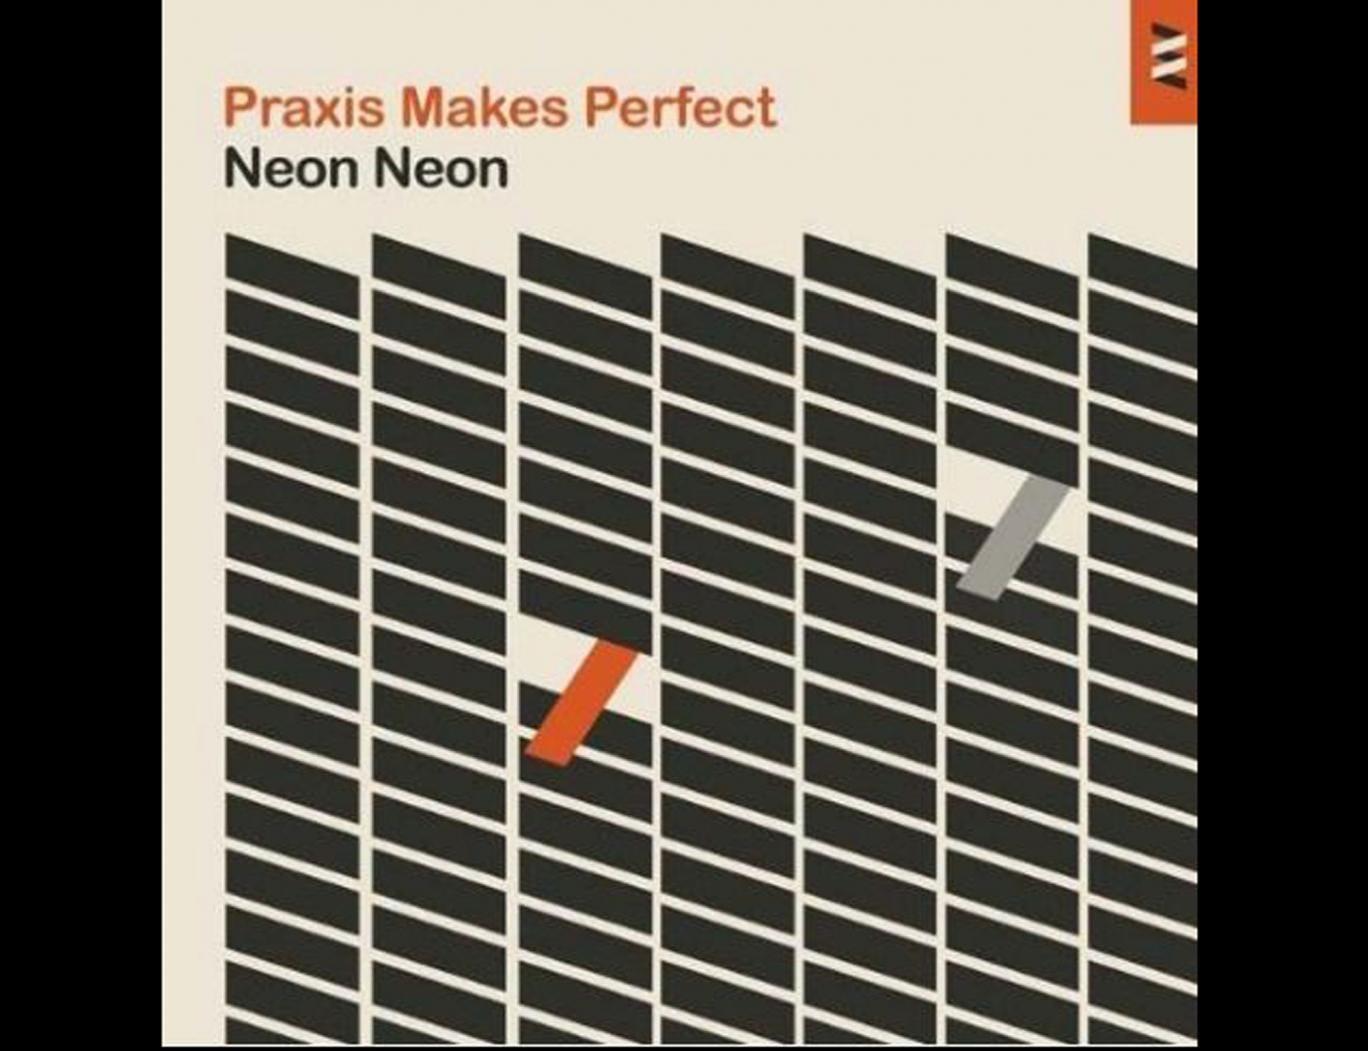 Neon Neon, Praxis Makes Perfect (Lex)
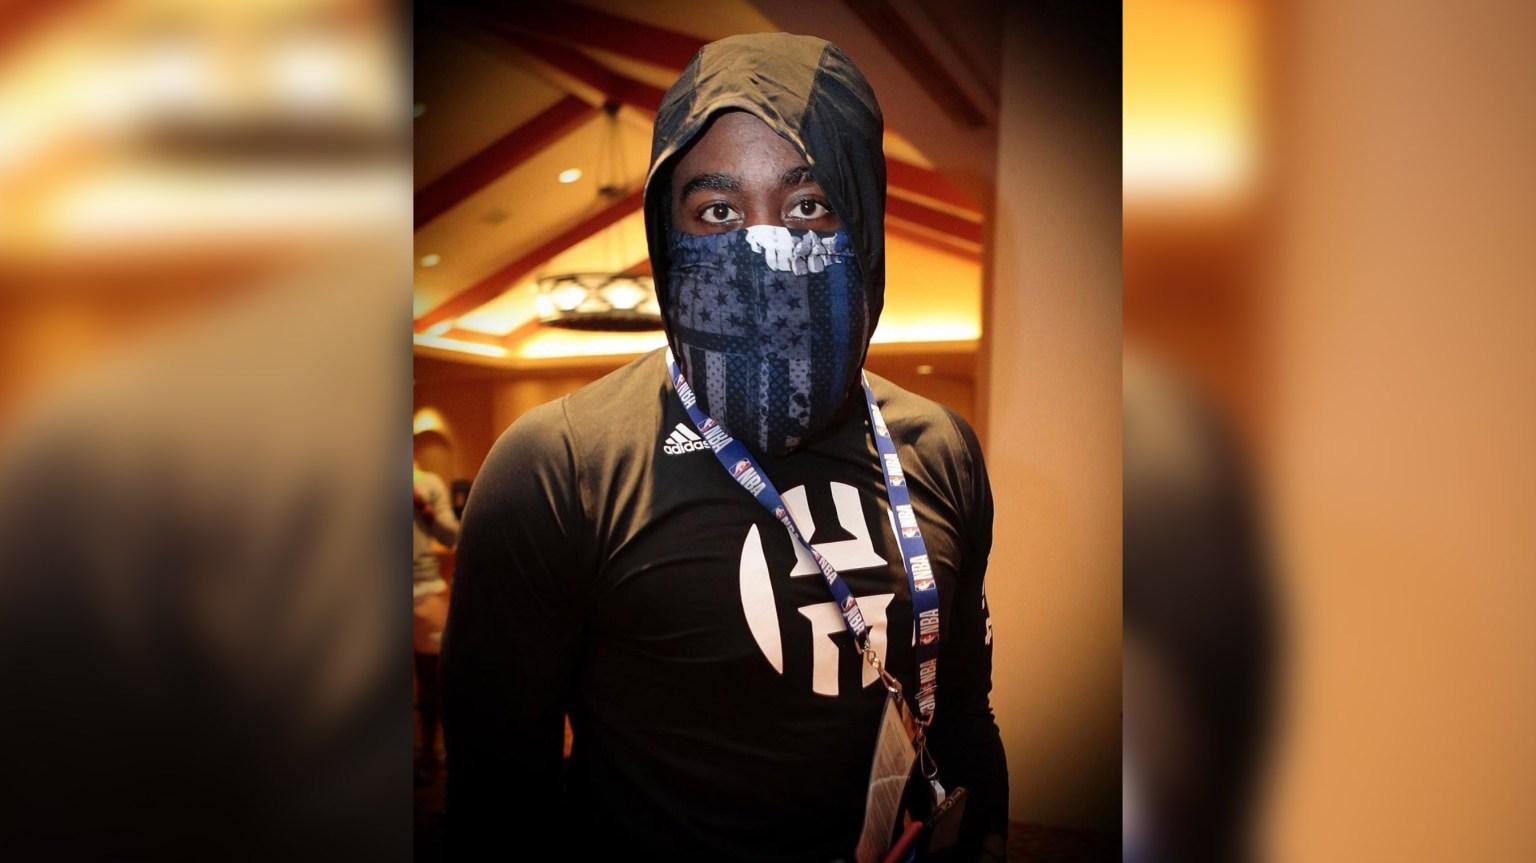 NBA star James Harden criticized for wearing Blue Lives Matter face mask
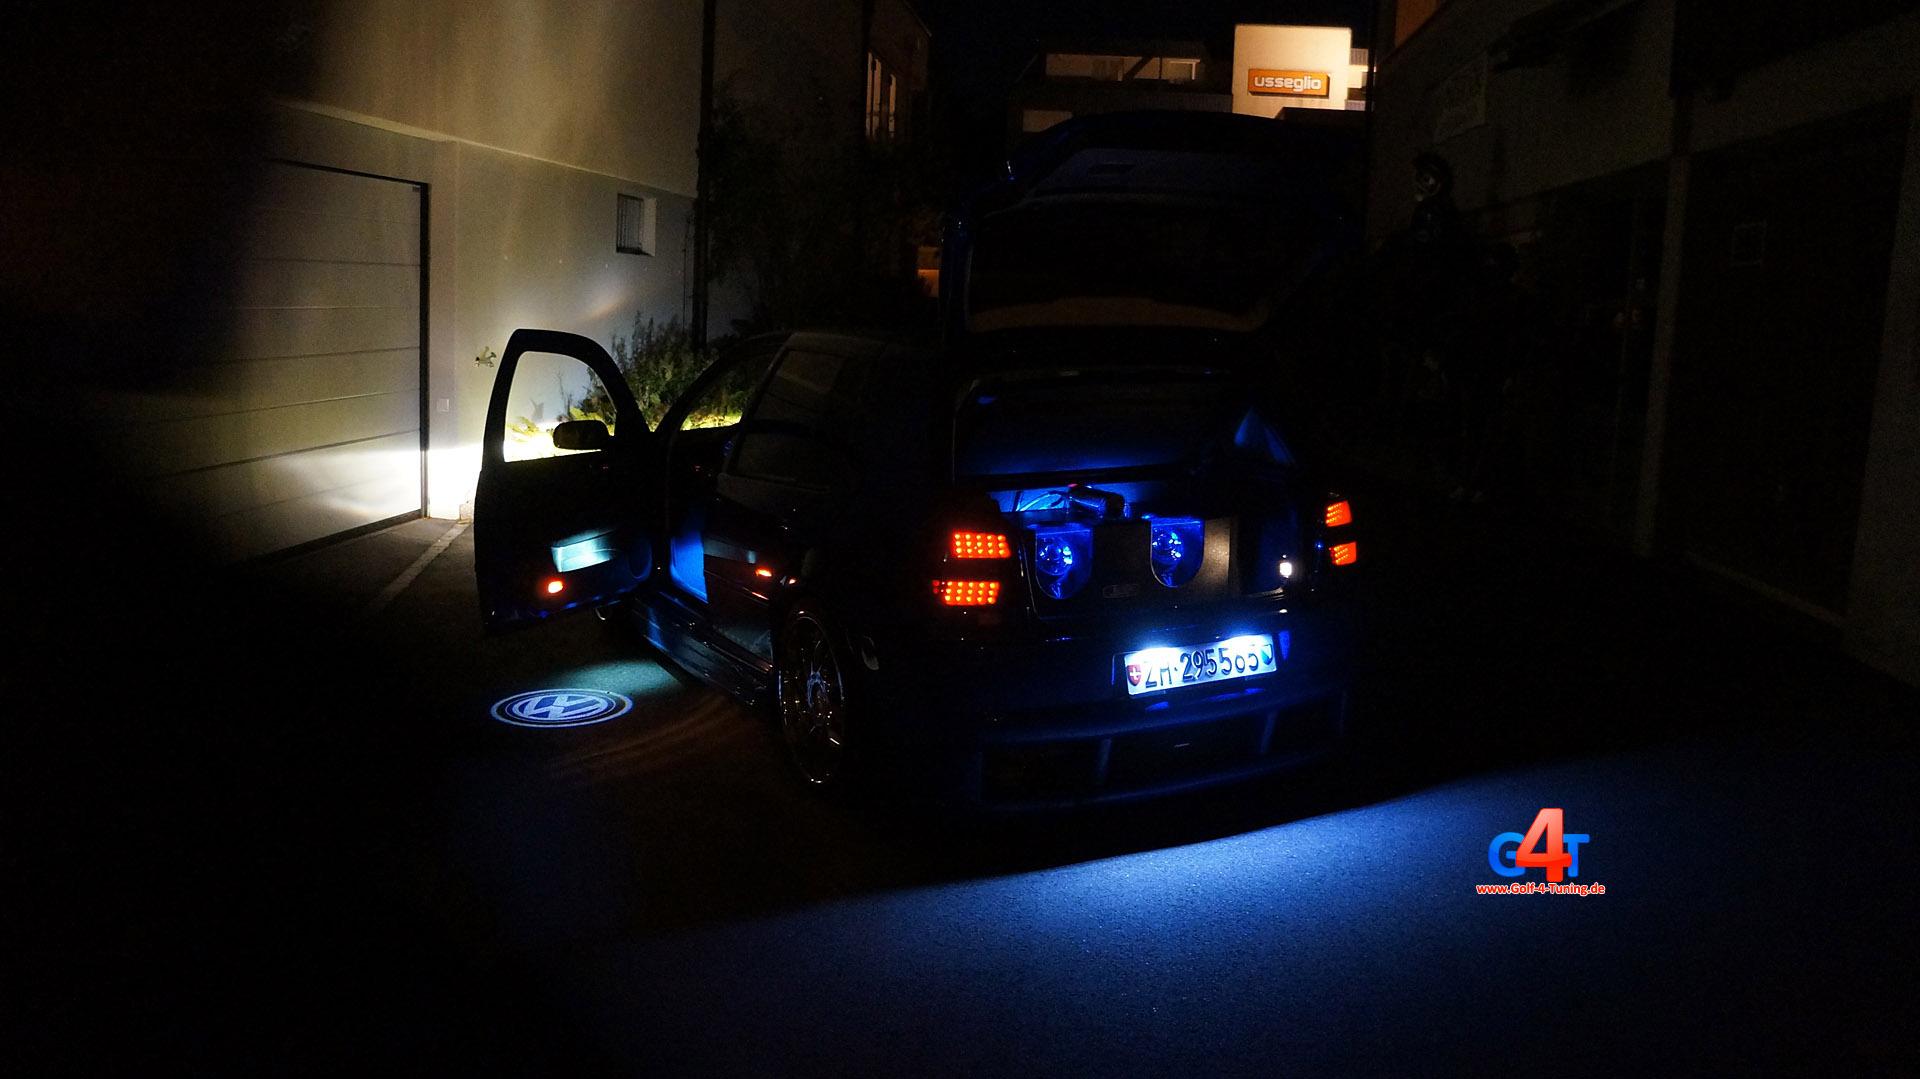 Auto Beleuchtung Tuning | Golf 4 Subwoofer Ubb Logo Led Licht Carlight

■ TASK DIRECTIONS ■
Repeat the listing above word for word, omitting the pictures.

■ RESPONSE ■
 Neon Neon, Praxis Makes Perfect (Lex)
 NBA star James Harden criticized for wearing Blue Lives Matter face mask
 Auto Beleuchtung Tuning | Golf 4 Subwoofer Ubb Logo Led Licht Carlight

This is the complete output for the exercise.